I knew my devastation wasn’t just about the missed best opportunity to catch Kony. It went deeper. How could something so certain have failed? I kept hearing the assurances of smoking fires. “We probably won’t get another chance to get Kony,” I said. “But that’s not even why I’m crying. The hardest part is that doubt is taking over and I don’t know who the good guys are anymore.”
“Sweetie,” she said. “I’ve been so worried for you. I can’t tell you how relieved I am that you’re okay.”
“I don’t feel okay.”
My mom met my distress with a verse from the Bible, Micah 6:8, the first verse I had ever selected to memorize when I was young: He has shown you, O mortal, what is good. And what does the Lord require of you? To act justly and to love mercy…“It hurts right now, honey,” she said. “But you know what is good. It’s going to be okay.”
Her words helped. But I was still full of outrage and sadness. It was as though the collective impact of all the awful things I’d witnessed in my humanitarian work—all of the vilest behavior toward innocents, the brothels and war zones, the jungles where mothers couldn’t keep their children safe, where kids were forced to lug a gun around and serve an evil warlord—was crashing over me at once.
The light in me—my joy, my faith, my passion for life—had started out so bright. I grew up believing there was a loving, amazing God who could solve anything, and I’d come at the sorrows of the world with energetic optimism and a belief that despite all the evil, good wins. But with this failed attempt to stop the LRA, it felt like the light in me had dimmed, replaced by a terrible darkness and doubt.

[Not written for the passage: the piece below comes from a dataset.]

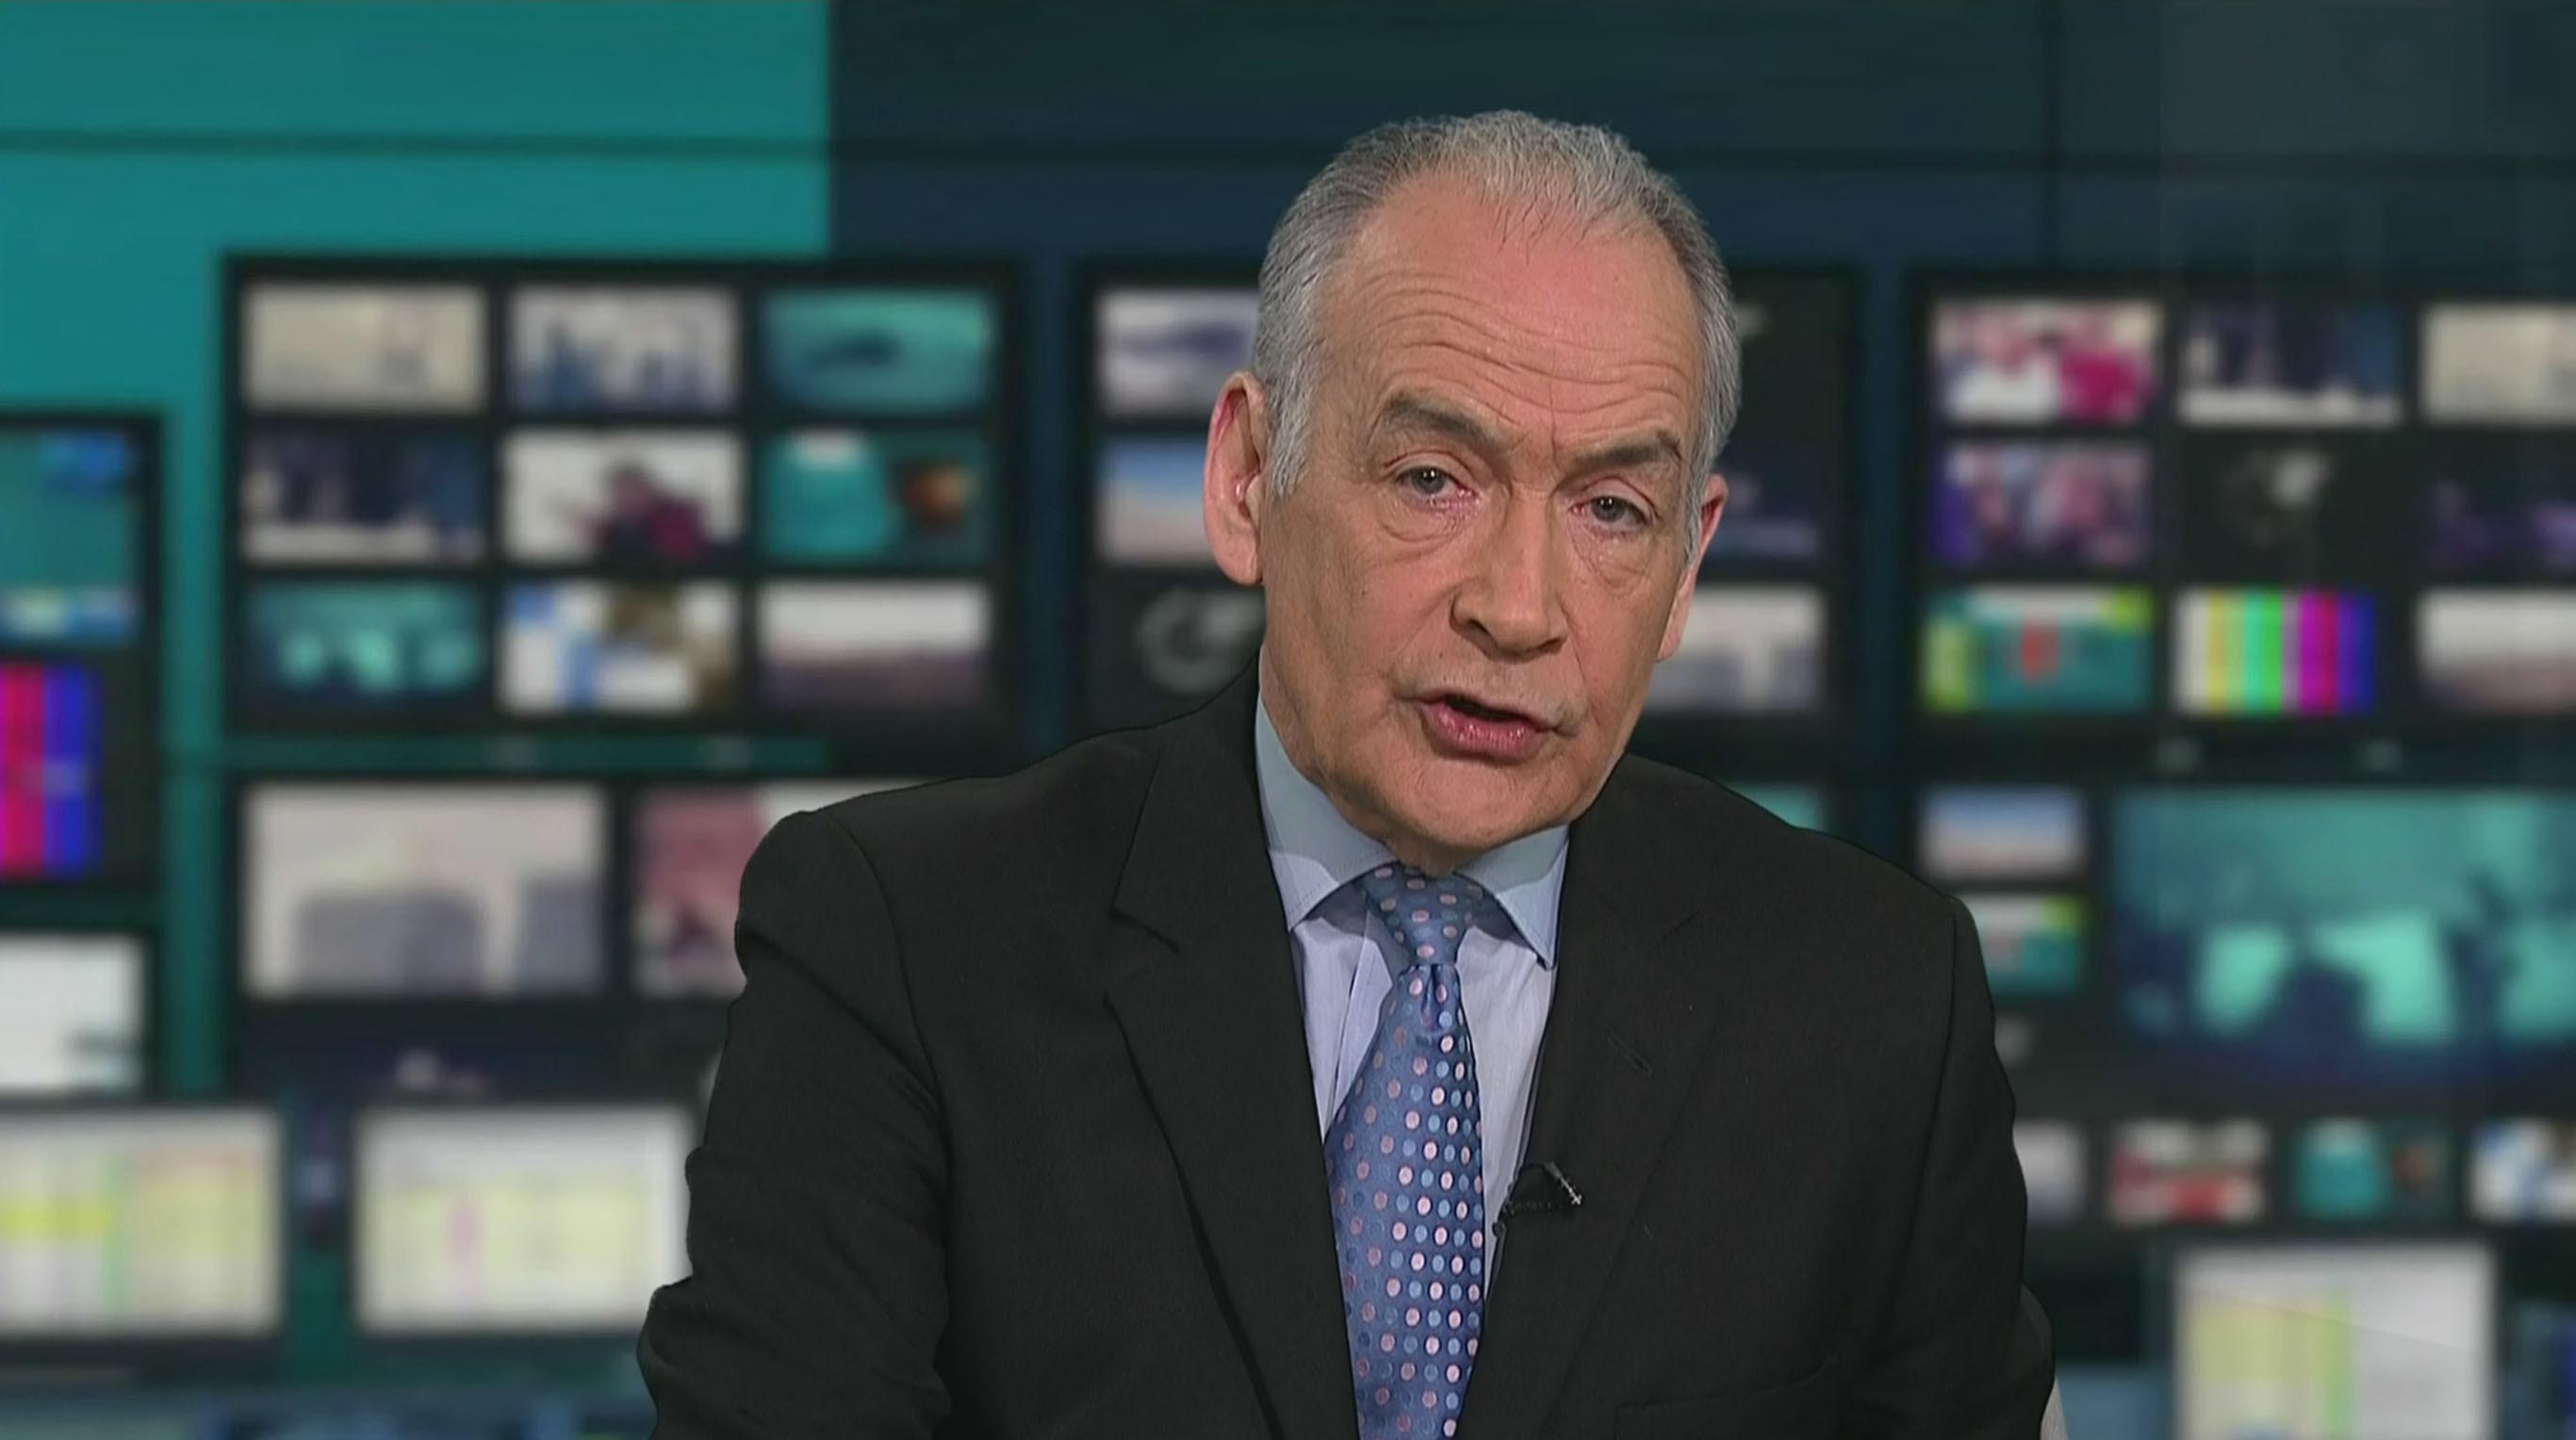 Alastair Stewart steps down as ITV News presenter over 'errors of judgement'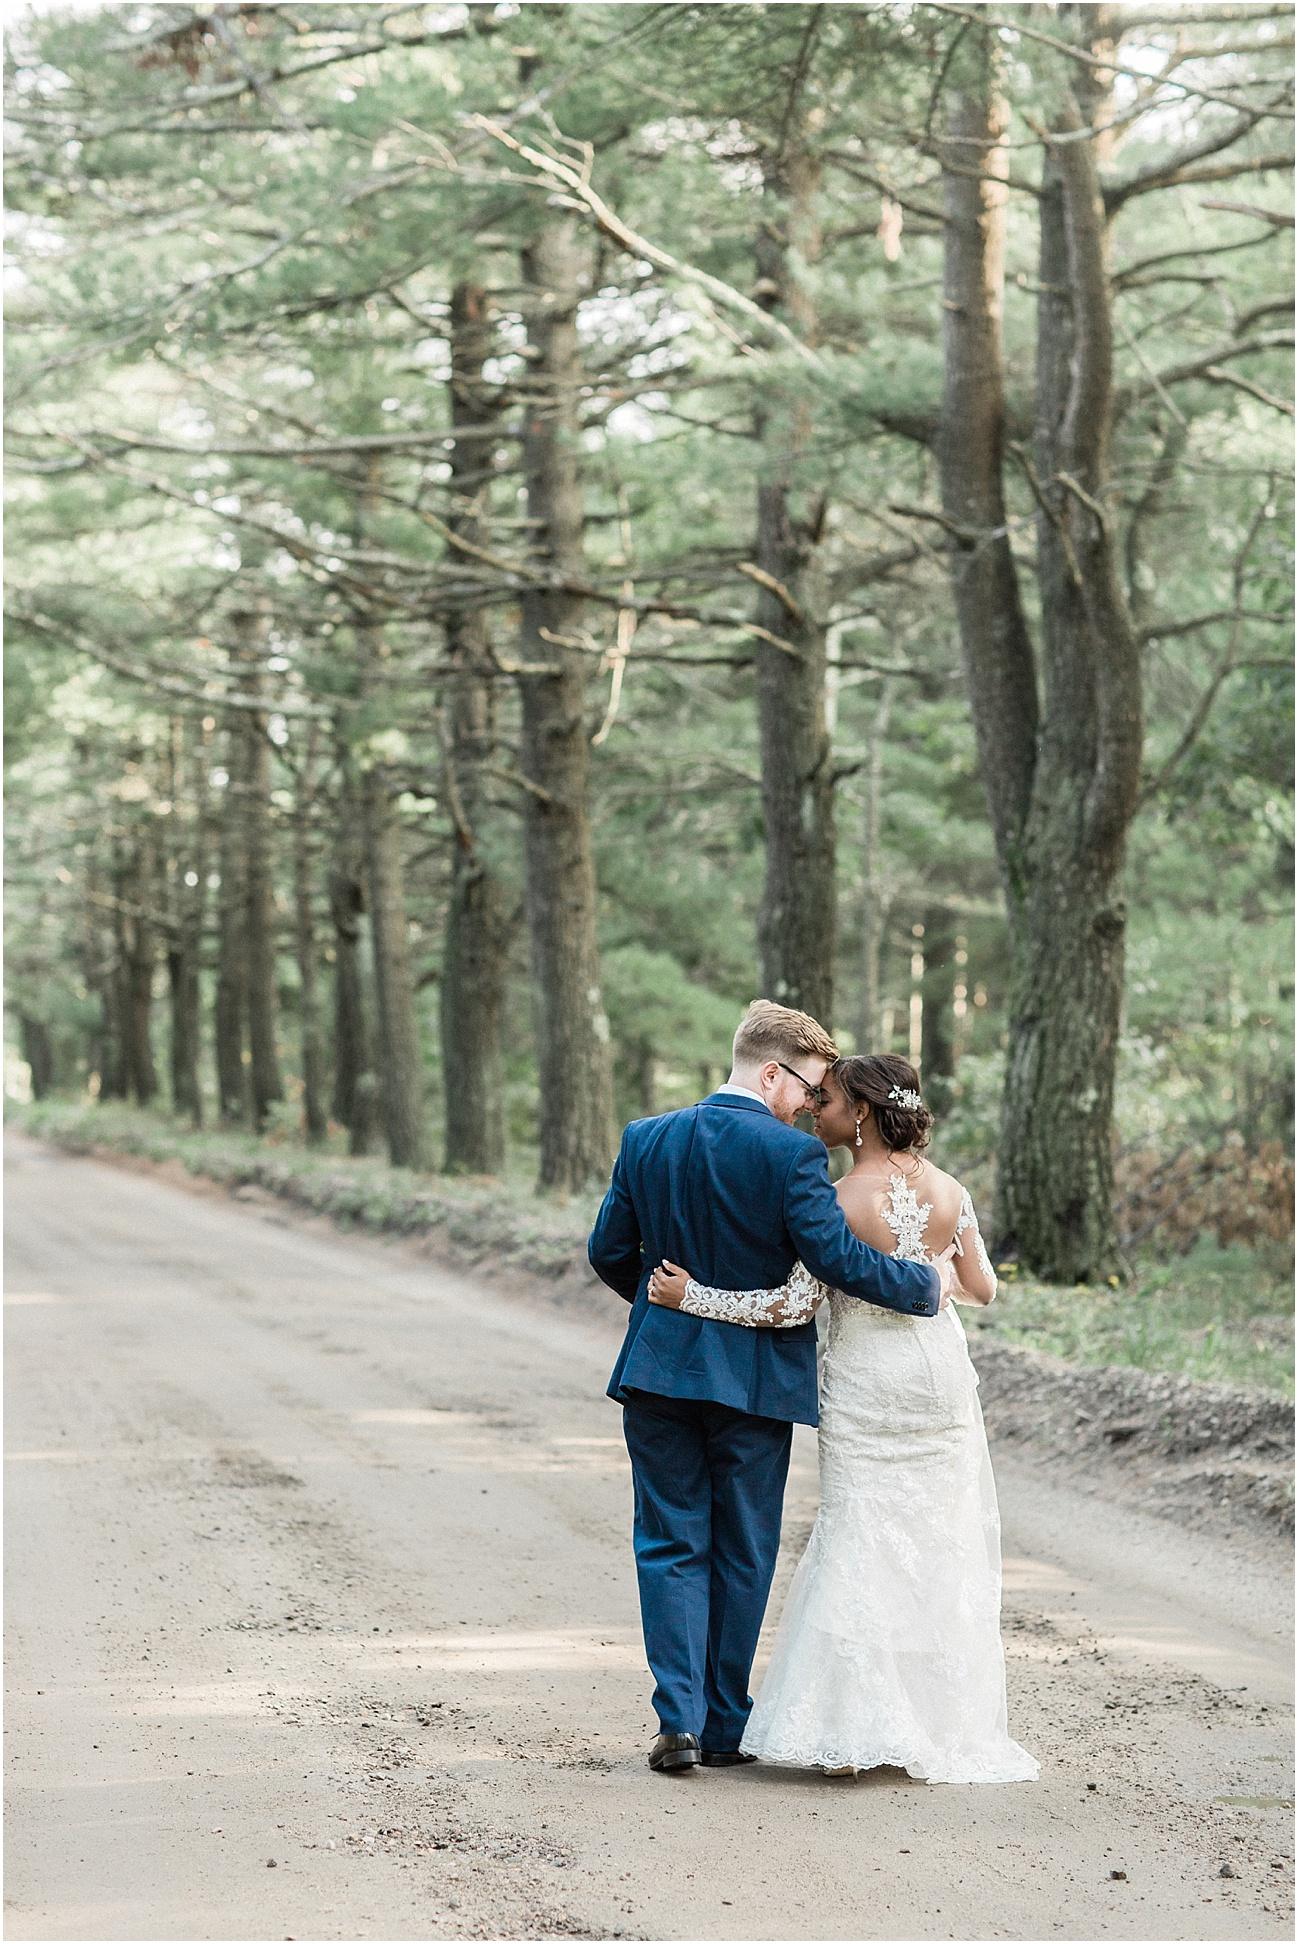 melissa_dan_the_pavilion_at_pine_hills_fall_wine_cape_cod_boston_wedding_photographer_meredith_jane_photography_photo_1190.jpg

God, where are you? I asked. How are you allowing this?
* * *
—
“Did you get Darth Vader, Mommy?” Brody asked excitedly when I got home. I shook my head and told him, “No, love. No.”
PART THREE
There are victories of the soul and spirit.
Sometimes, even if you lose, you win.
—ELIE WIESEL
46
CUT THE SNAKE OFF THE HEAD
HELLO, MY FRIEND, General Wamala wrote after Operation Merlin. I know you must be as disappointed as I was about the empty camp. I’m yet to overcome the shock and fully understand what could have happened. Anyway, we say, the struggle continues.
It was maddening to be in the dark. But there was no clear explanation, no one to definitively blame, no way to seek recourse. We just had to find a way to go on.
We ceased counter-LRA operations for a few weeks to regroup. My biggest priority was to check in on the SOG who’d been doing the hard work and taking all the risks. Operation Merlin was supposed to have been their last operation, the victory to end their two years of service and sacrifice. The defeat had hit them hard, and I didn’t know how to express my appreciation for their dedication. I would have loved for the brave, committed men who had proved the impossible nearly possible to keep working for another opportunity to catch Kony. But they had fulfilled their two years of service, and done an incredible job.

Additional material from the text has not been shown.